Does salt add to the flavor of butter? No question. Well, changes the flavor profile at any rate.

But flavor was the least important part of salting butter, originally. In fact (no way to know for sure), it probably paid no part at all.

Like cheese, butter was a way of extending the shelf life of milk. But unlike cheese, which can last for ages, butter turns rancid pretty fast.  Chilling in a spring house certainly helped, but it still turned bad relatively quickly. So salt---long recognized as a preservation medium---was added, extending the shelf life exponentially.

If you like the flavor of salted butter, that's fine. But I can spread my unsalted butter on a slice of sour rye, sprinkle it with the exact amount of salt I prefer, and achieve that same flavor. But it leaves me in control, particularly in applications where I don't want that salt element.


----------



## ishbel (Jan 5, 2007)

Next time you're visiting family in London, Siduri - go to a Waitrose or Sainsbury and buy a pack of the salted and unsalted Bridel!  At a push, the unsalted President...   The best butter!


----------



## foodpump (Oct 10, 2005)

Siduri, last time I was in Italy they were still using Lire.

But in regards to Salt, ae they still selling in small quantities sold only in tobacconist's shops?


----------



## siduri (Aug 13, 2006)

Ishbel said:


> Next time you're visiting family in London, Siduri - go to a Waitrose or Sainsbury and buy a pack of the salted and unsalted Bridel!

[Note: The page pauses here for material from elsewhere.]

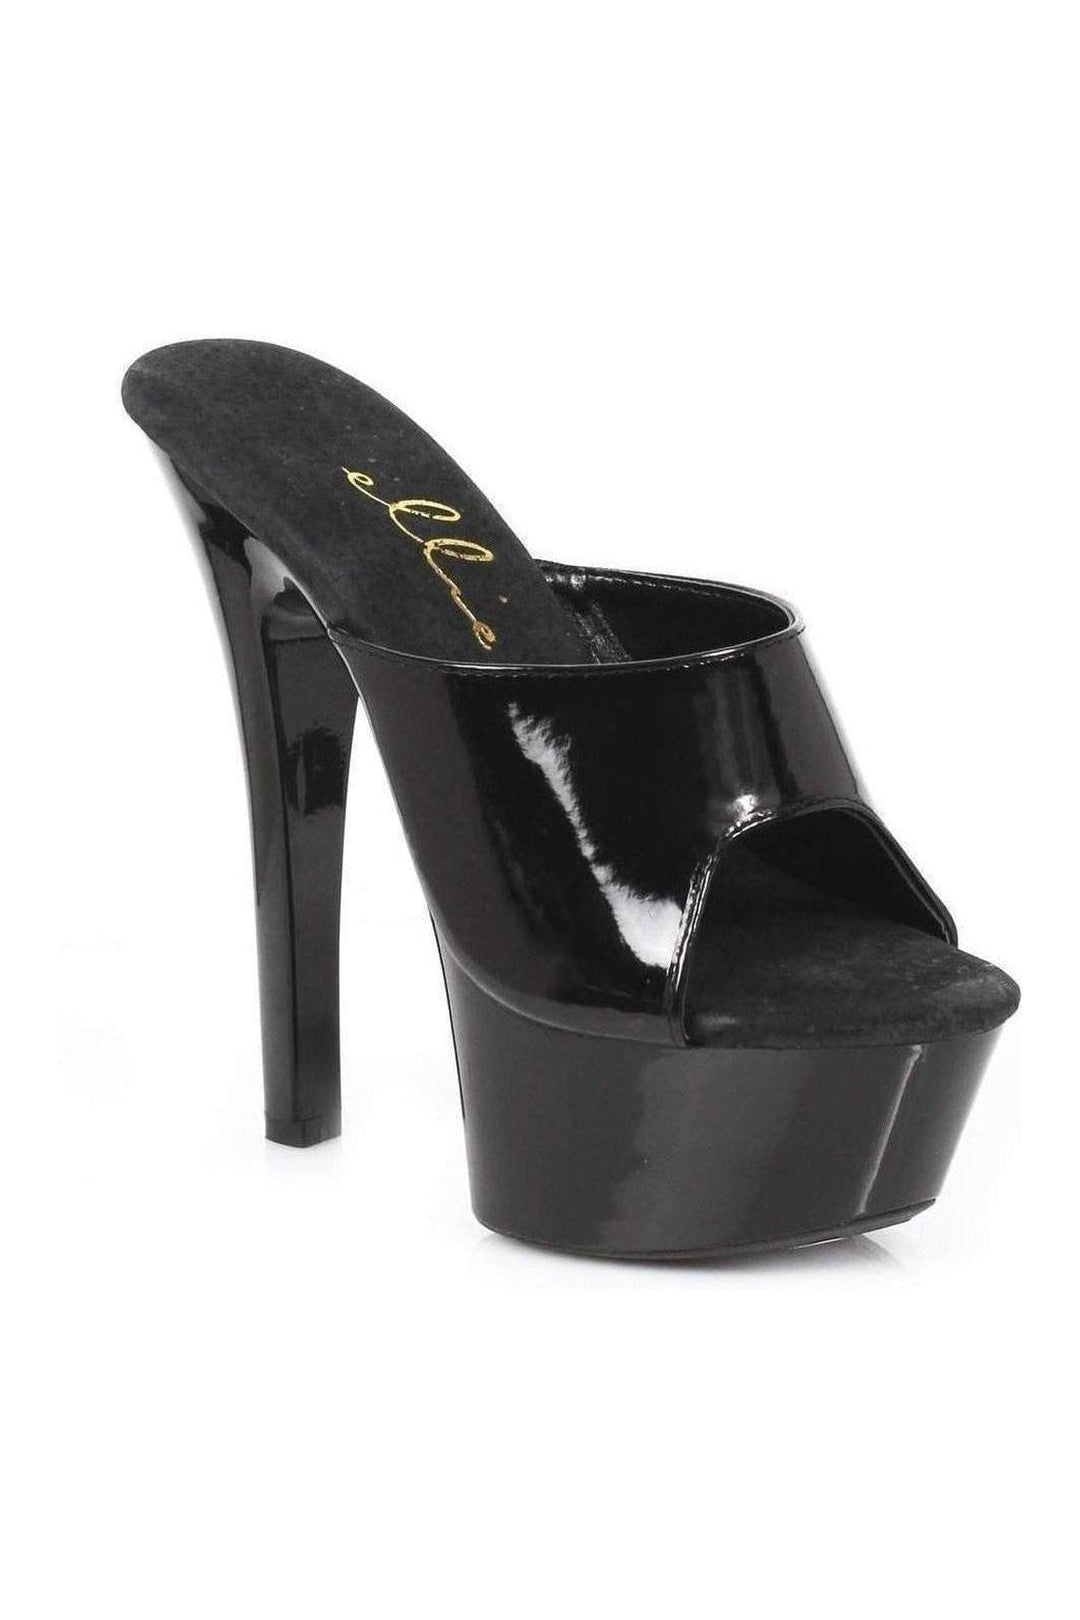 601-VANITY Platform Slide | Black Patent-Ellie Shoes-Black-Slides-SEXYSHOES.COM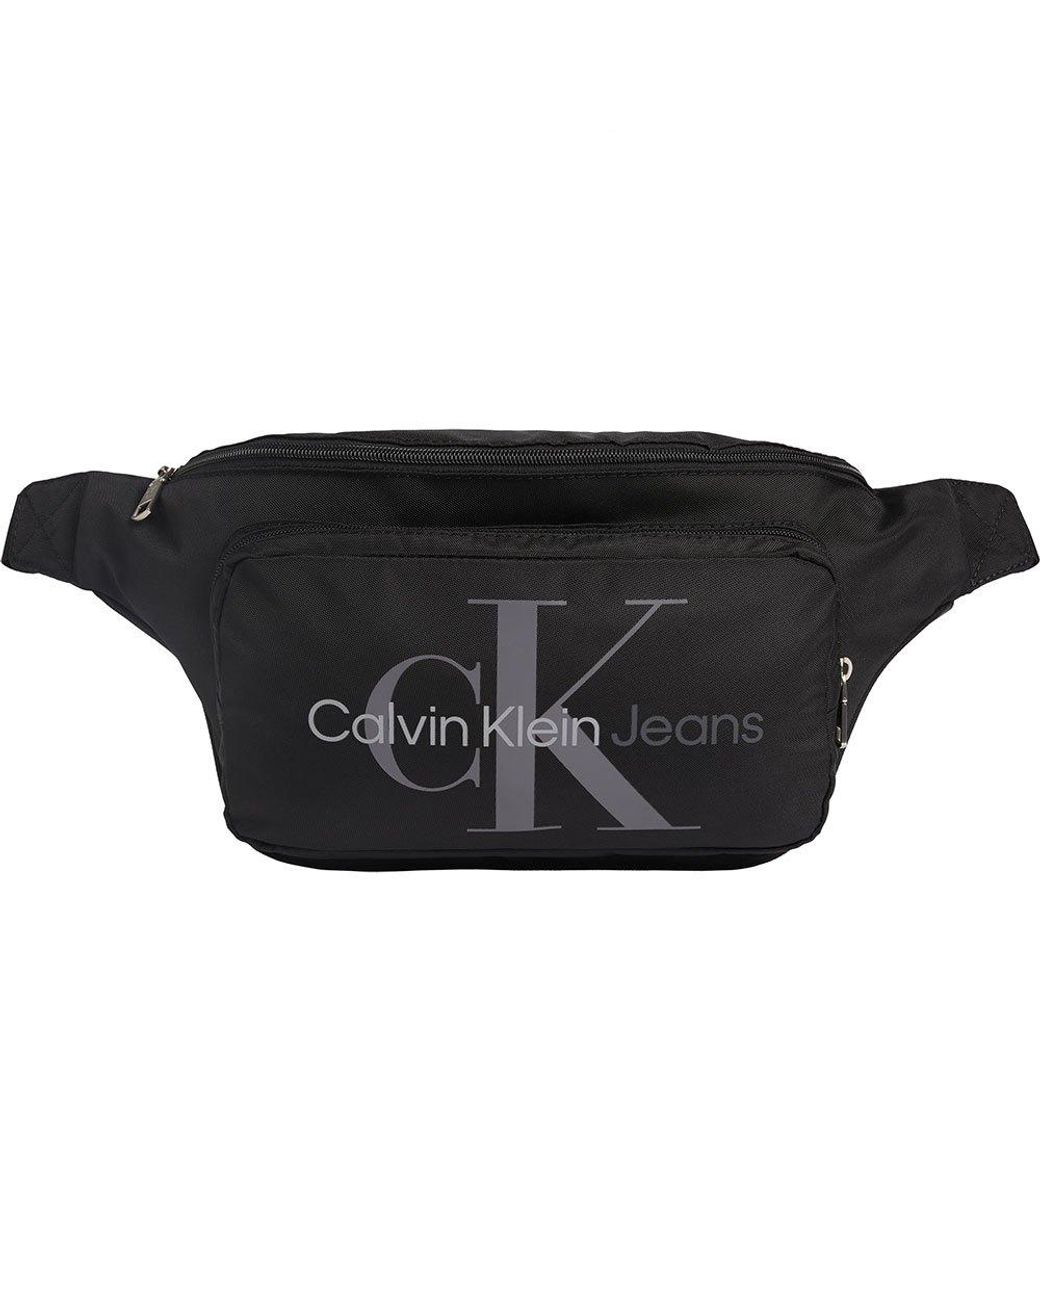 Calvin Klein Sport Essentials Waist Pack in Black | Lyst

At a push, the unsalted President... The best butter!


I'm able to get President here, and i prefer it to the other salted butter they sell (Lurpak - though i also like Lurpak - but president is slightly saltier, and i like that too. But i don't like unsalted. I will, like KY, add salt to it, but i prefer it already salted.



foodpump said:


> Siduri, last time I was in Italy they were still using Lire.
> 
> But in regards to Salt, ae they still selling in small quantities sold only in tobacconist's shops?


Ah, the lira. and the salt and tobacco shops. I have two funny stories. I heard the expression many times "Lira di dio" or so i thought it was, that is, Lira of God. I could not for the life of me understand what this meant - money of god? weird. . They would say "E' successo lira di Dio" - the Lira of God happened. Huh?

then i realized it was a contraction "L'ira" not Lira - L'ira is "the ire of God"

But funnier was when i went to the little local grocery store (there were maybe two supermarkets in all of rome back in the 70s - well maybe five, but rome is big and there were none near us) and asked for salt. He looked at me with scorn, "At the tobacco store, of course!"

Ah, of course, why of course? (Turns out salt and tobacco had a special tax and had to have a stamp on them like cigarettes and alcohol i believe, in the US)

So when i went into a store asking for gelatin ("gelatina" ) i got a cube that when i opened it was actually aspic - not unflavored gelatin, but reduced broth. I looked in the dictionary - gelatin is "colla di pesce" or literally, fish glue. I go ask for fish glue and the guy shakes his head like i was an idiot. In the HARDWARE store of course. By that point, after the salt in the tobacco store incident, i went to the hardware store. Nothinjg was going to phase me now and i was darned if i'd look like one of those stupid tourists. Of course, he looked at me like i was a total idiot and said it was in food stores. Not those around here, though, the specialty stores downtown.

But this is nothing compared to my friend who was at a formal dinner after a conference and these giornalists and others asked her how she liked italy - do you like the food, how is it different from america? She said oh, of course, it;s wonderful here - the food in america is full of "preservativi" (wanting to say preservatives. I leave it to you to look up preservativi). The entire table went silent and no one asked her anything any more.


----------